Y = np.zeros(shape=(T, n, n_dimensions))

Y_minus1 = np.zeros(shape=(n, n_dimensions))

Y[0] = Y_minus1

Y1 = initialization(X, n_dimensions)

Y[1] = np.array(Y1)

print("Optimizing Low Dimensional Embedding....")

# Optimization

for t in range(1, T-1):

# Momentum & Early Exaggeration

if t < 250:

α = 0.5

early_exaggeration = early_exaggeration

else:

α = 0.8

early_exaggeration = 1

# Get Low Dimensional Affinities

q_ij = get_low_dimensional_affinities(Y[t])

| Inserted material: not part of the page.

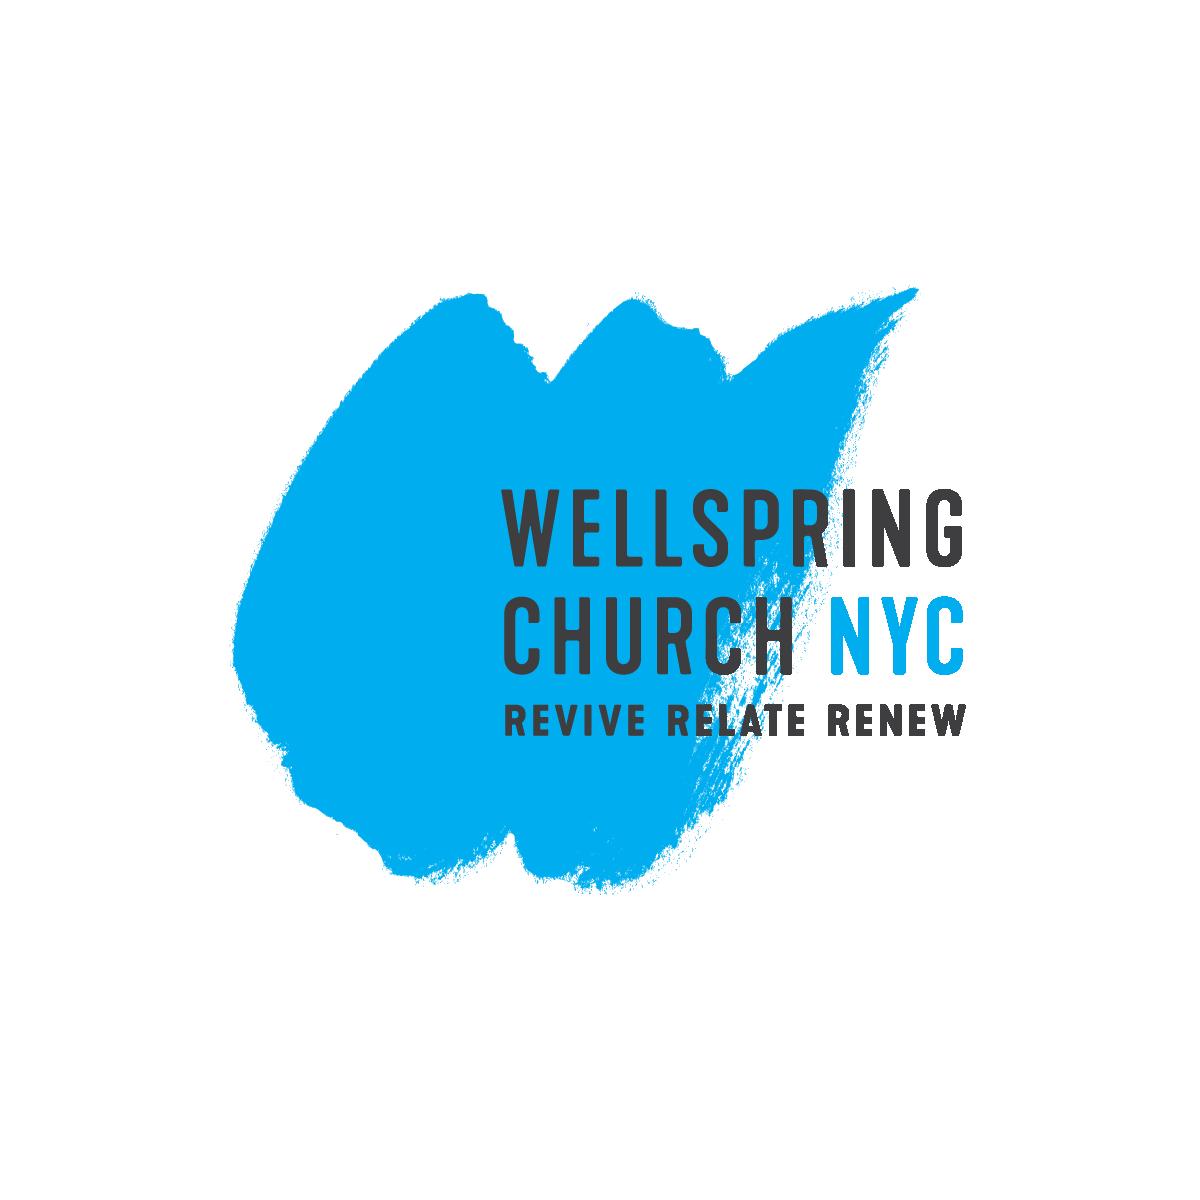 WellspringChurch_logo1-01.png

# Get Gradient of Cost Function

gradient = get_gradient(early_exaggeration*p_ij_symmetric, q_ij, Y[t])

# Update Rule

Y[t+1] = Y[t] - η * gradient + α * (Y[t] - Y[t-1]) # Use negative gradient

# Compute current value of cost function

if t % 50 == 0 or t == 1:

cost = np.sum(p_ij_symmetric * np.log(p_ij_symmetric / q_ij))

print(f"Iteration {t}: Value of Cost Function is {cost}")

print(f"Accomplished Embedding: Final Value of Cost Function is {np.sum(p_ij_symmetric * np.log(p_ij_symmetric / q_ij))}")

solution = Y[-1]

return solution, Y

Calling `solution, Y = tSNE(X)`

we obtain the next output :

where `solution`

is the ultimate 2-D mapping and `Y`

is our mapped 2-D values at each step of the iteration. Plotting the evolution of `Y`

where `Y[-1]`

is our final 2-D mapping, we obtain (note how the algorithm behaves with early exaggeration on and off):

I like to recommend fooling around with different values of the parameters (i.e., perplexity, learning rate, early exaggeration, etc.) to see how the answer differs (See the original paper and the scikit-learn documentation for guides on using these parameters).